Outre les collectionneurs avertis, ce sont surtout les jeunes qui investissent les plateformes de revente de garde-temps haut de gamme. Ainsi, 48% des personnes interrogées appartenant à la génération Y (nées entre 1980 et 1997) et 37% de la génération Z (nées entre 1997 et 2010) se sont dites susceptibles d’acquérir une montre de luxe d’occasion au cours des douze prochains mois. «Les jeunes générations ne veulent plus l’entrée de gamme mais s’intéressent directement au hard luxury», souligne Karine Szegedi, associée et responsable du secteur de la consommation, de la mode et du luxe au sein du cabinet Deloitte. C’est pareil en ce qui concerne les montres. Le marché de seconde main leur permet d’accéder à des marques auxquelles ils n’auraient pas pu prétendre auparavant. A l’époque, les objets d’occasion n’étaient pas forcément bien perçus, mais ils sont aujourd’hui très à la mode. C’est une nouvelle façon de consommer, qui est plus intéressante pour la jeune génération.»
La question de la durabilité joue également un rôle dans l’essor de cette pratique et ce d’autant plus avec des montres mécaniques, qui ont des durées de vie de plusieurs décennies et que l’on révise facilement.
Selon Jules Boudrand, directeur, conseiller financier et responsable du secteur horloger chez Deloitte, l’intérêt pour cette activité s’est beaucoup développé au cours des dernières années. Pas uniquement de la part des consommateurs, mais également des marques. Et de relever: «Il y a de nombreuses plateformes qui ont vu le jour. La numérisation a contribué à la croissance de la seconde main en la rendant plus accessible. Les jeunes s’y intéressent de plus en plus.»
Quant aux marques, soucieuses de leur image, soit elles certifient elles-mêmes en direct les pièces, soit elles habilitent les plateformes qui les proposent. «Cela leur permet d’être sûres que le client final fera une bonne expérience avec le produit, comme cela serait le cas avec un produit neuf et qu’il sera ensuite prêt à acheter une montre neuve, détaille Jules Boudrand. Comme dans l’automobile, on revend de l’occasion pour acheter du neuf. Les marques ont par conséquent intérêt à ce qu’il y ait une certification et un suivi sur ces modèles de seconde main.»
La certification donne non seulement plus de crédibilité à la marque, mais garantit également un maintien de la valeur.

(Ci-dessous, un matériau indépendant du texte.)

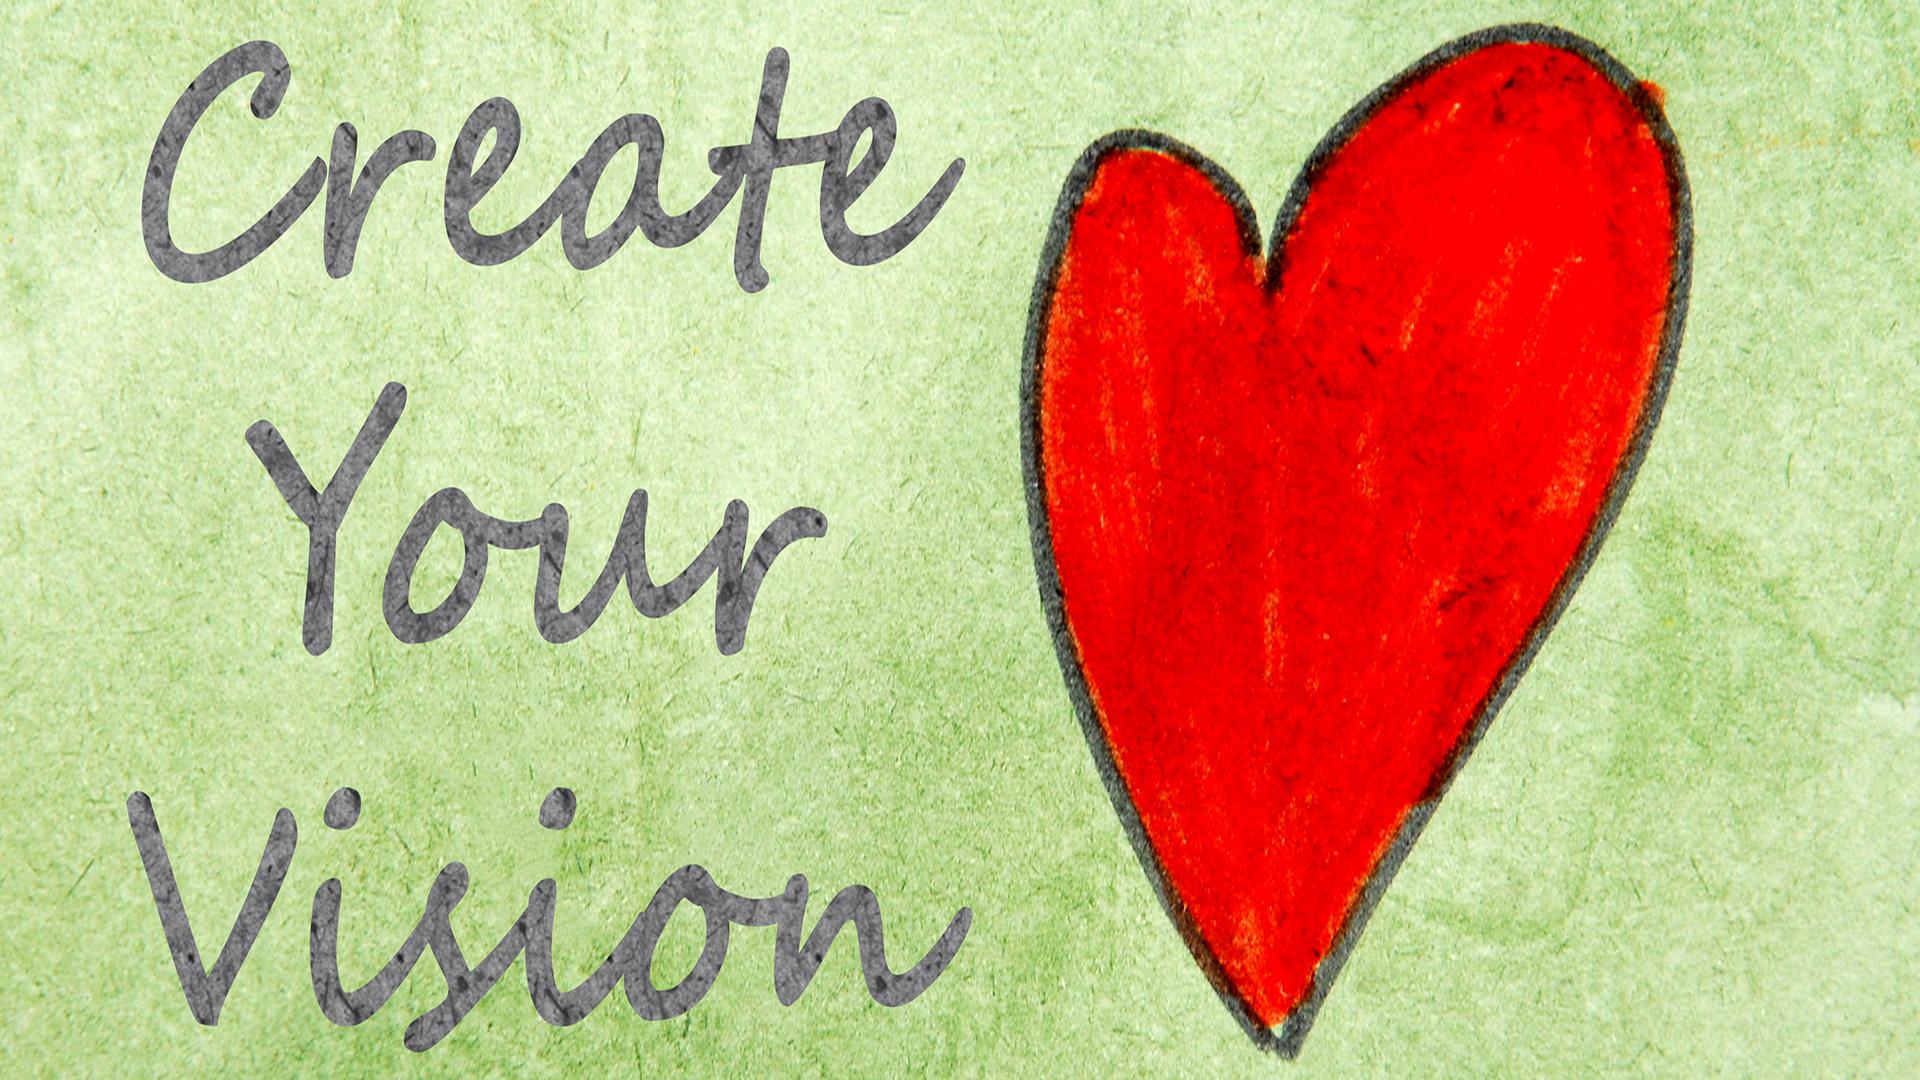 Powerful life vision

A noter que ce sont les consommateurs en provenance de Chine et des Emirats arabes unis (62%), suivis des Hongkongais (44%) qui sont plus intéressés par l’achat de montres de seconde main. A contrario, les Allemands (44%), les Japonais (37%) et les Français (35%) affirment ne pas y porter d’intérêt.
La montre comme placement
«L’engouement pour certaines marques leur a fait prendre beaucoup de valeur, générant de la spéculation, laquelle a servi le marché de l’occasion, note Jules Boudrand. Les prix commencent à se tasser, mais cela demeure un marché très porteur.» Et Karine Szegedi de préciser: «Il faut séparer le marché de masse de celui des pièces iconiques. Ces dernières se vendent plusieurs fois leur prix neuf, alors que le 80-85% de la seconde main est moins cher que le marché primaire. Historiquement les acheteurs bénéficiaient de 30 à 50% de remise sur les modèles d’occasion, maintenant, selon les acteurs du secteur, cela tourne plutôt autour de 10-20%.»
Désormais, on n’achète plus uniquement pour se faire plaisir mais pour se faire de l’argent. Selon l’étude Deloitte, l’achat d’un garde-temps à but de revente ou d’investissement est une tendance déjà observée les années précédentes et qui se confirme.

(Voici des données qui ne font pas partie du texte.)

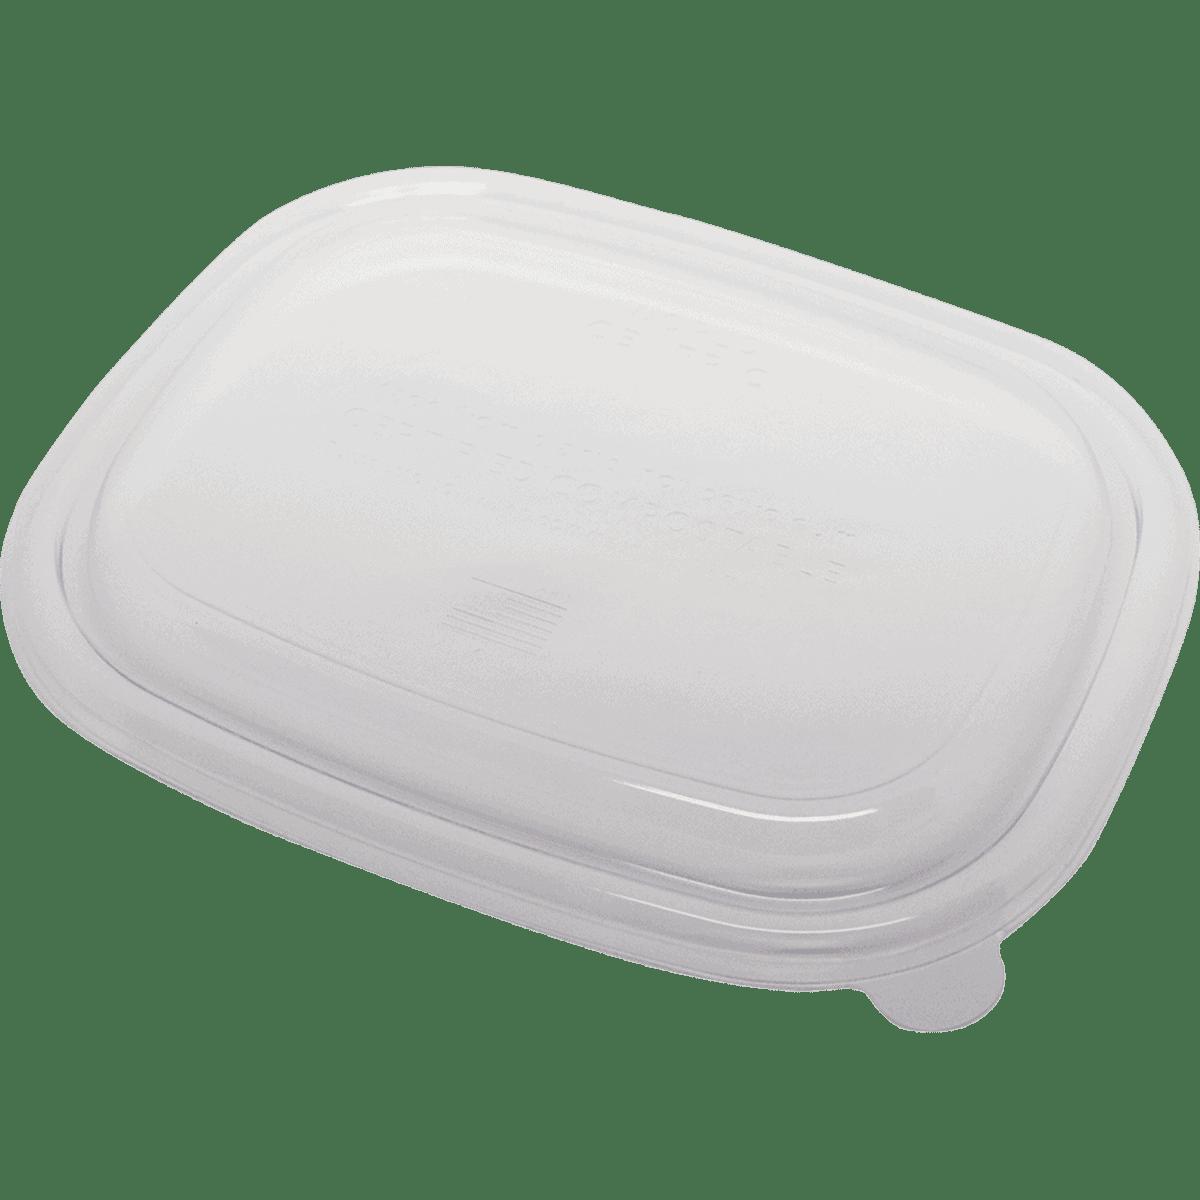 LID PLA clear lid for fiber boxes 20-48 oz

Pas moins de 23% des consommateurs interrogés acquièrent une montre à ce dessein. En 2021 et 2022, l’augmentation significative de la valeur de certains modèles sur le marché du secondaire, et notamment des icônes telles que la Royal Oak d’Audemars Piguet, la Nautilus de Patek Philippe ou encore la Daytona de Rolex, a attiré pléthore d’acheteurs, ravis de pouvoir revendre leur bien deux ou trois fois sa valeur à peine sorti du magasin, au grand dam des collectionneurs et passionnés de montres.
Le fait de considérer la montre comme un placement varie d’un endroit à l’autre de la planète. Ainsi, c’est une tendance largement plus perceptible chez les consommateurs de Singapour (33%), Hongkong (32%) et de Chine (29%). Le potentiel d’investissement sur le long terme des montres n’est en revanche pas perçu chez les acheteurs japonais (7%), français (9%) et suisses (13%).